We work with a lot of companies that have used autoML or no-code tools to get their organizations started with machine learning. While these tools are great, they have their limitations. The level of level of accuracy and reliability from a more generic ML model can plateau without an experienced data science team helping to tailor it more deeply to an organization’s workflows and data.

Artificial Intelligence Will Increase the Demand for Critical Thinking

Despite our current overreliance on technology, we could be reaching a tipping point that helps us return to valuing critical thinking and soft skills.

Classrooms can no longer ask students to “summarize The Grapes of Wrath in 500 words” now that ChatGPT can perform that act in seconds. Instead, education will need to evolve (or revert back to) teaching students how to think critically and form their own, original opinions. Assignments that incorporate classroom discussions, real-life experiences, and more personal input won’t be able to be easily generated by AI and will actually result in a richer educational experience.

As AI guru Andrew Ng recently mused, “I wish schools could make homework so joyful that students want to do it themselves, rather than let ChatGPT have all the fun.”

By that same token, the future of work will need to evolve past simply testing for technical abilities. As these technical abilities become more automated, the true skills will be knowing how to apply the data and how to work with others to solve problems.

Recent studies show that the value of critical thinking is on the rise. High innovators in the technology, media and telecom industries rate critical thinking as the most important skill for new candidates (46%), even higher than a deep knowledge and expertise in innovative technologies (42%). 

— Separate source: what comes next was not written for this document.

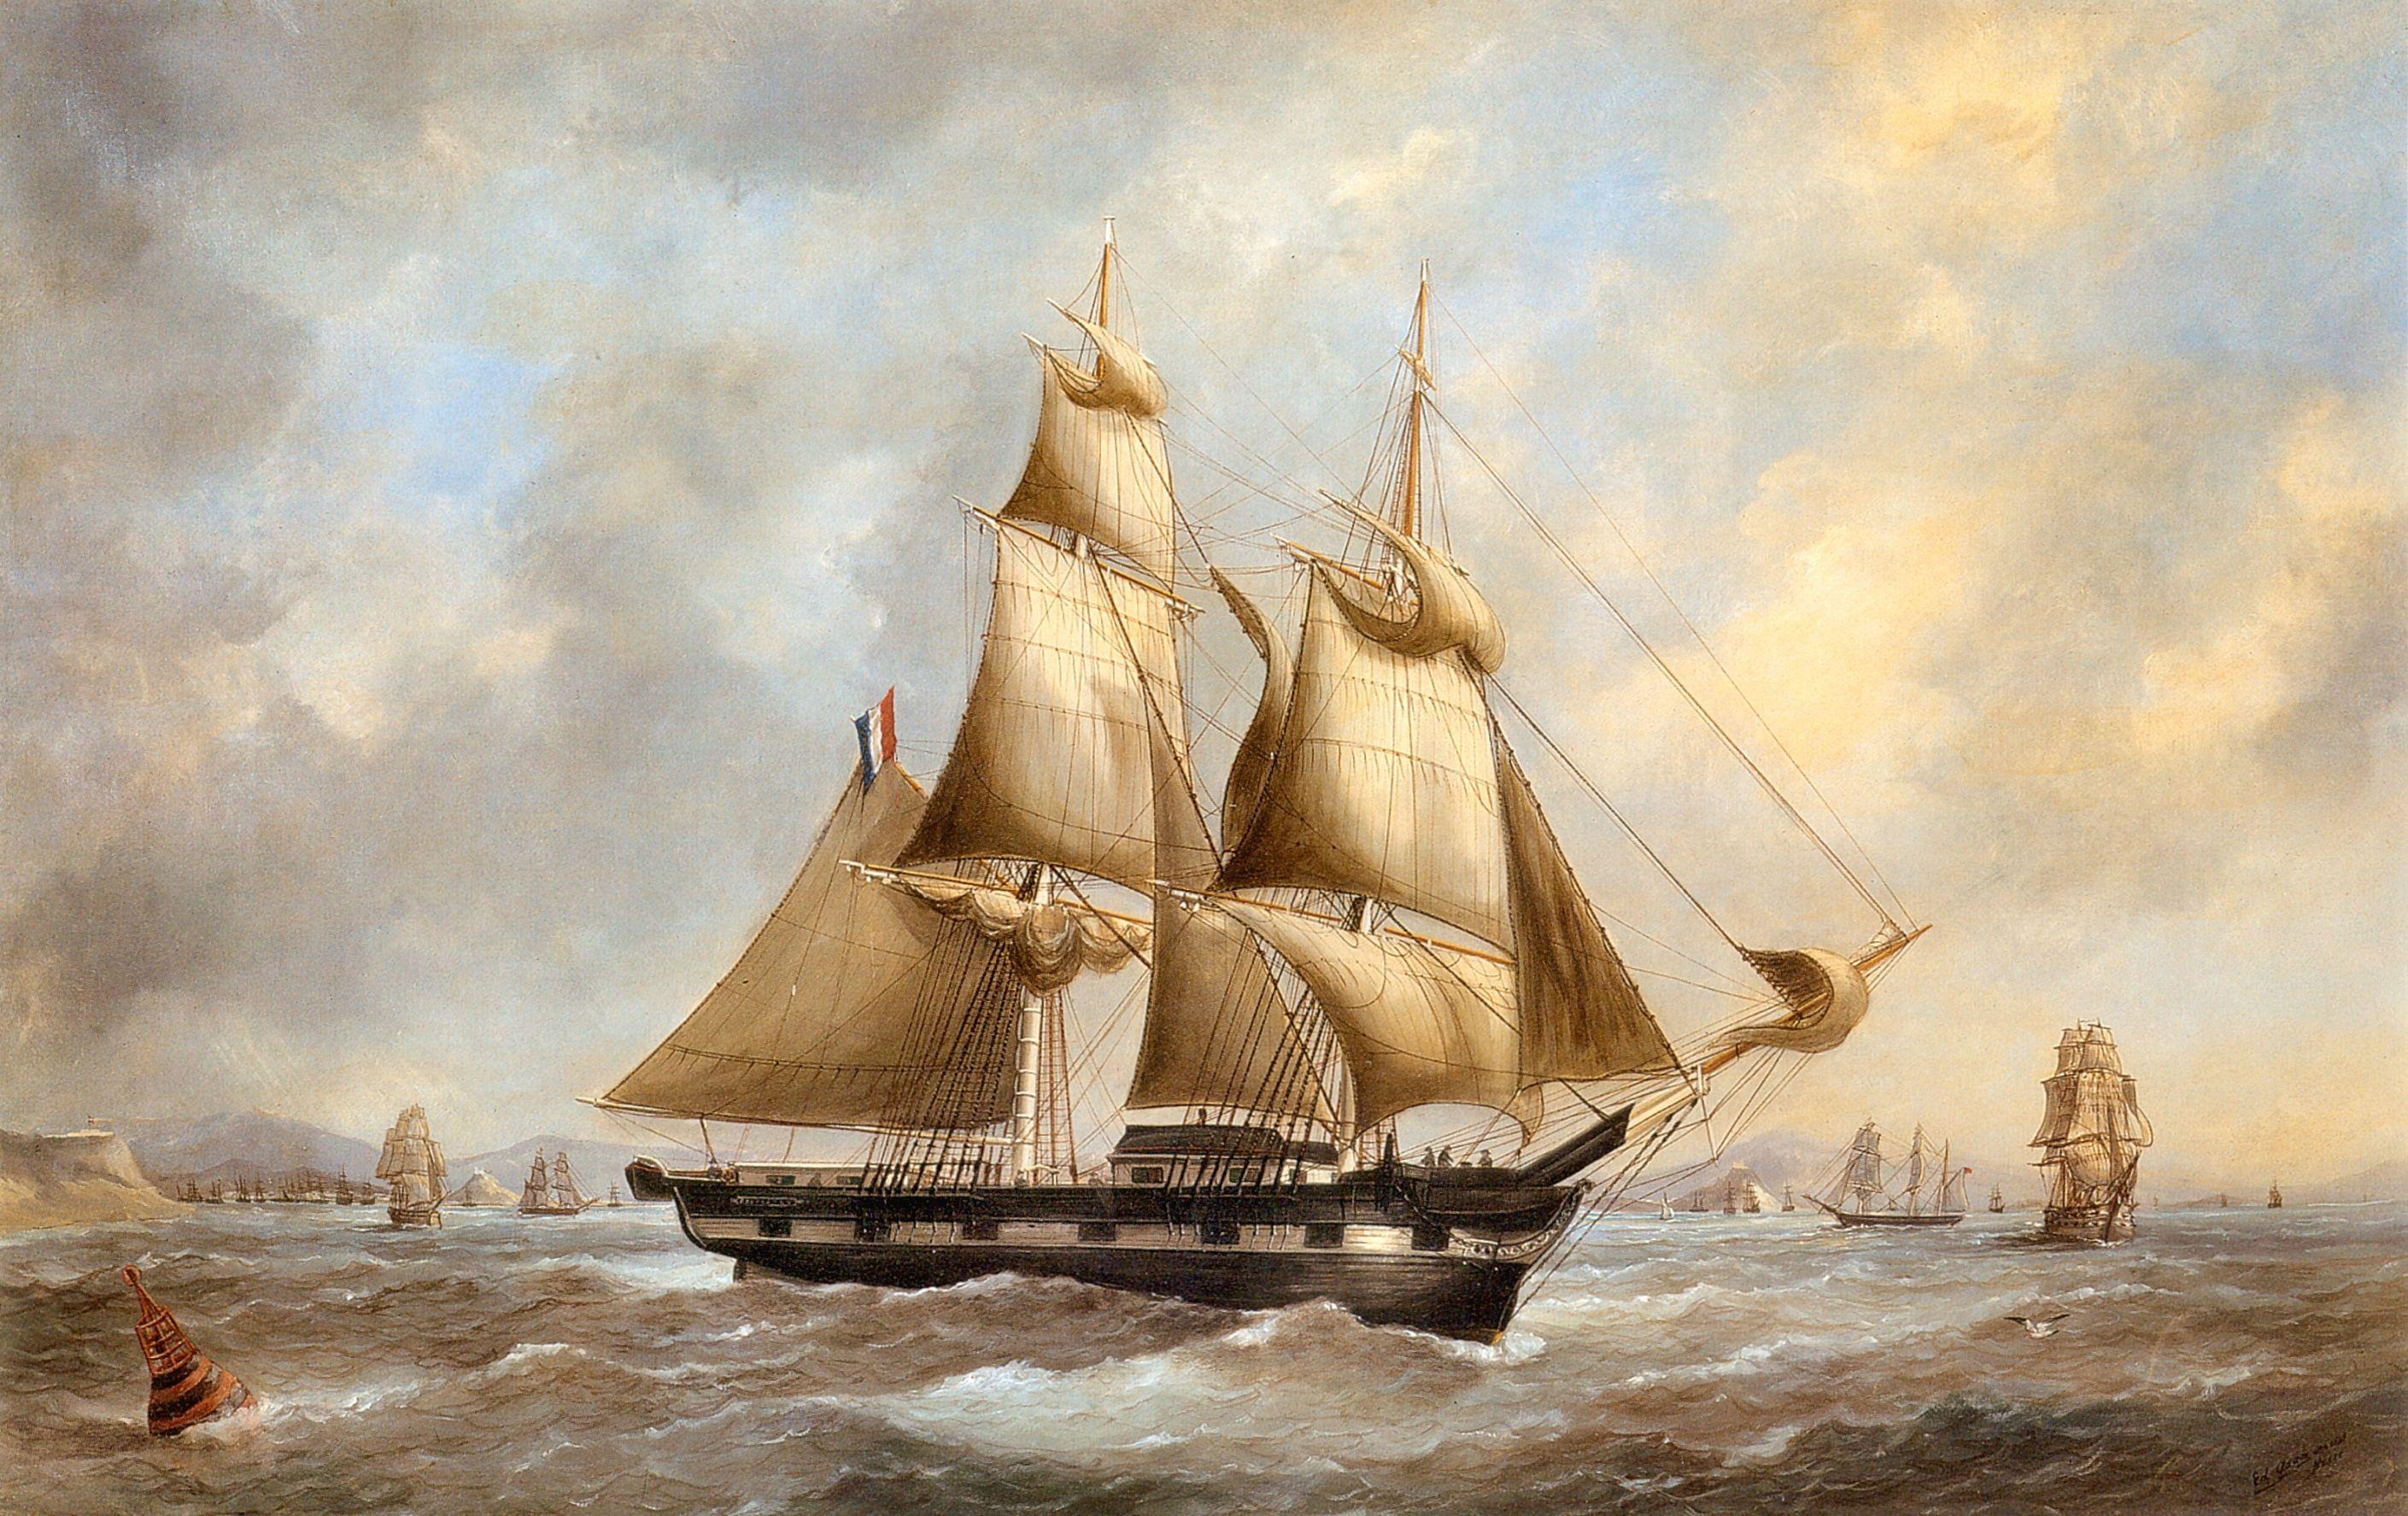 Картинки для декупажа корабли для печати на принтере

Gigster actually uses our AI-powered project management platform to track soft skills as well as technical data and project milestones. This helps us identify team members that will work well together and will be uniquely suited to solve the problems the project involves. We’re also huge fans of ChatGPT and love finding new ways to use it.

To be honest, I’m still a little worried we’re slowly heading towards the bleak future from the movie Idiocracy - which gets less funny and more terrifying every day. But at least the rise in automation will make the problem of diminishing critical thinking skills more apparent. If schools and businesses address this problem with a greater focus on developing soft skills, we might just be okay.